This was recently acknowledged by the International Maritime Bureau (IMB), which said piracy attacks at the Gulf of Guinea (GoG) had substantially declined.
According to the Bureau, Nigeria recorded no kidnapping incidents in 2021 with the total number of incidents in its waters dropping more than 80 per cent, compared to 2020.
The decline, the Nigerian Maritime Administration and Safety Agency (NIMASA), said could also be attributed to the 195 million dollars Deep Blue project, initiated by the Federal Ministry of Transportation through NIMASA.
Consequently, Nigeria was removed from the global piracy list.
The challenge before the country now is how to sustain this new status, and also ensure a piracy free Gulf of Guinea.
No less a personality than the Secretary General of International Maritime Organisation (IMO), Mr Kitack Lim, challenged the Gulf of Guinea nations to maintain the momentum in order to sustain the decline of piracy.
According to him, maintaining the momentum of gains made so far is the main challenge for the regional navies.
“To do so, you must address the root causes of piracy including the plight of coastal communities, in order to reach sustainable solutions to the issue of piracy,” he said.
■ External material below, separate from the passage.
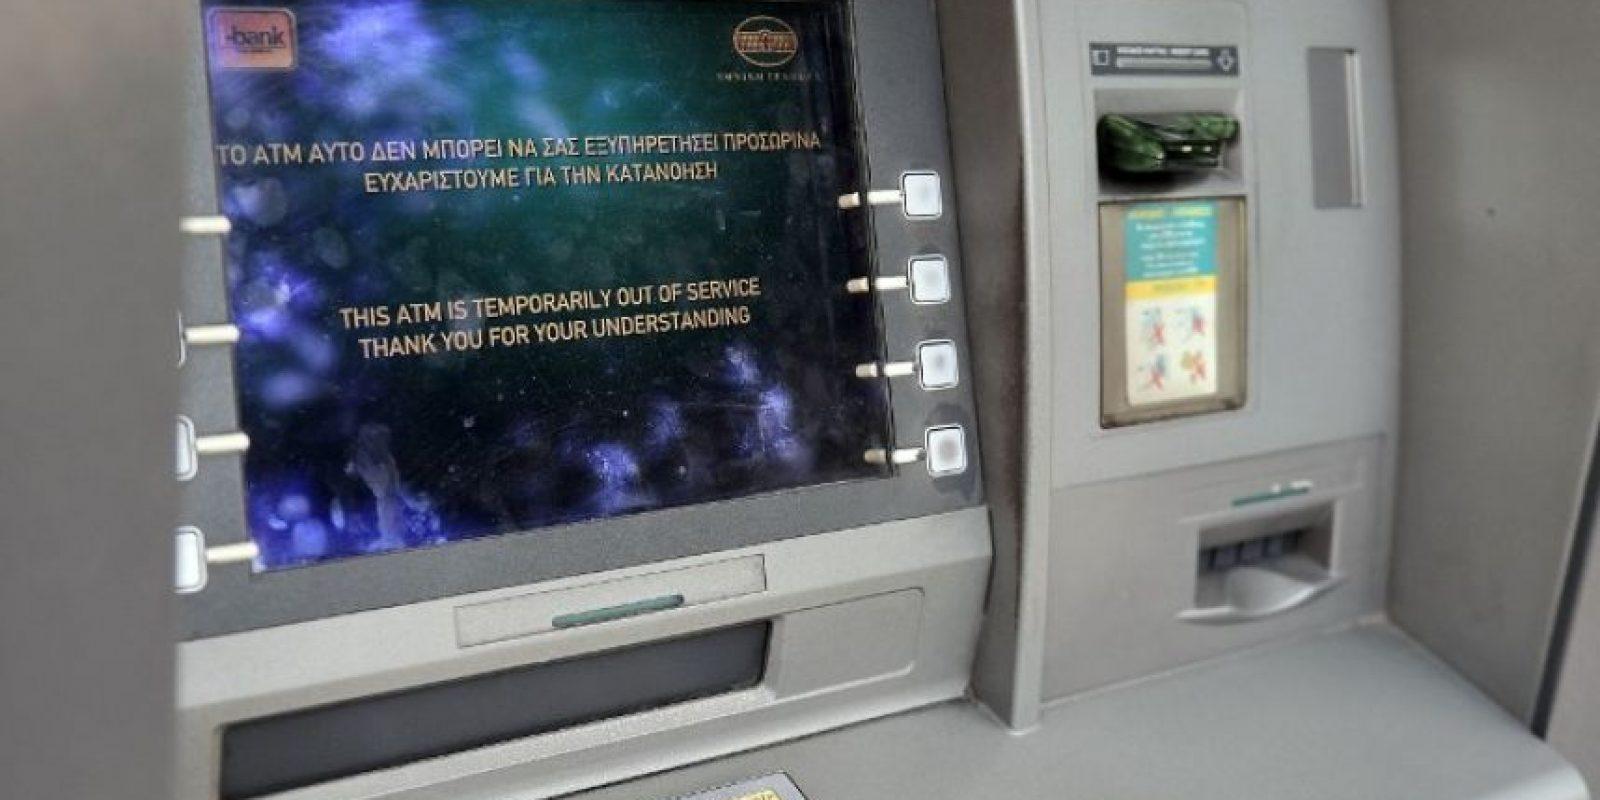 3. Los turistas en el país podrán sacar dinero normalmente de los cajeros automáticos, solamente con tarjetas de crédito o débito expedidas fuera de Grecia. Foto:AFP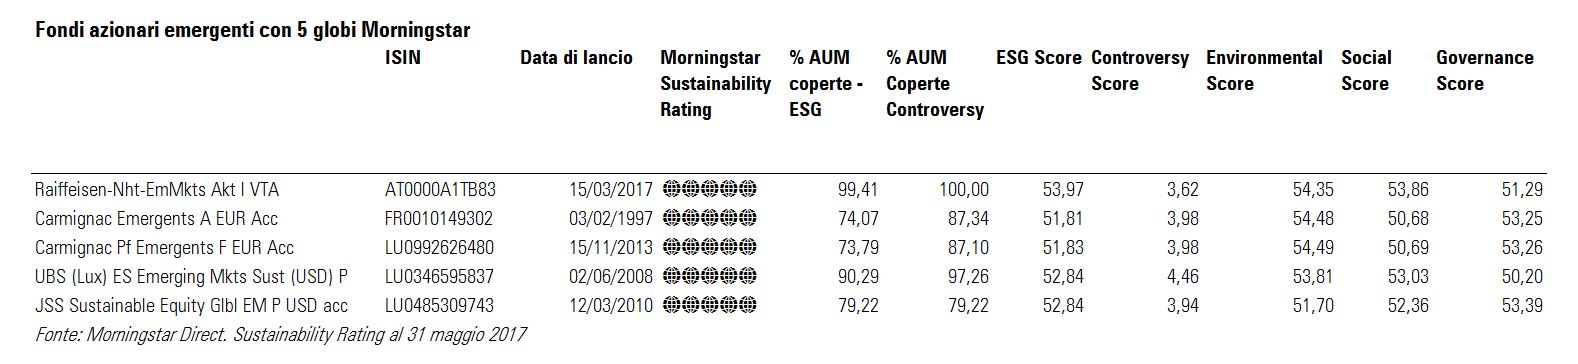 Azionari emergenti con alto Sustainability Rating

Indeed, sustaining the decline of piracy preoccupied the minds of participants at the Gulf of Guinea security conference on May 10; a forum which sought a coordinated output for an international response to sea threats within the Gulf of Guinea.
One of the outcomes of the conference was that regional naval cooperation in tackling piracy in the Gulf of Guinea through shared awareness had become imperative.
But beyond wishes, stakeholders believe that there should be sustained political will, legal framework, and updated technology and innovation to sustain the decline of piracy in the Gulf of Guinea.
Director General of NIMASA, Dr Bashir Jamoh, is confident that the decline of piracy in the Gulf of Guinea (GoG), can be sustained, pledging to provide logistics and formulate appropriate policies.
“Two years ago, we connected virtually with a dark, sad and persistent cloud of blue crimes enveloping the region, but today the cloud is opening and we are seeing the sun gradually shining through.
“No one can easily forget the frequent reports of attacks on ships and kidnapping of seafarers in the GoG in 2019 and 2020 when they reached their peak,” he said.
Jamoh noted that the attacks had negative effects on seaborne trade in the region.
He added that while it was important to recognise the success so far made, the future must remain the focus.
Nigeria’s Chief of Naval Staff, Vice-Admiral Awwal Gambo, said the challenges experienced by member-countries should not deter their collaborative efforts toward reinforcing initiatives to advance and coordinate maritime security activities.
“Much has been achieved but there is still room for greater collaboration in the areas of information sharing, increased presence of naval assets and strengthened legal frameworks among the GoG nations as well as international partners,” he said.
Gambo’s views were corroborated by Mrs Eunice Ezeoke, president, Women’s International Shipping & Trading Association (WISTA), who noted that collaboration by states that bordered the Gulf of Guinea gave rise to the decline of piracy in the region.
She said the states formed a united force, and that international organisations like the United States Coast Guards and UK navy as well as the Deep Blue project of NIMASA, also gave credence to their anti-piracy initiatives.
She noted that all these efforts helped in the decline of piracy, adding that collaboration should be sustained for piracy to be completely eradicated.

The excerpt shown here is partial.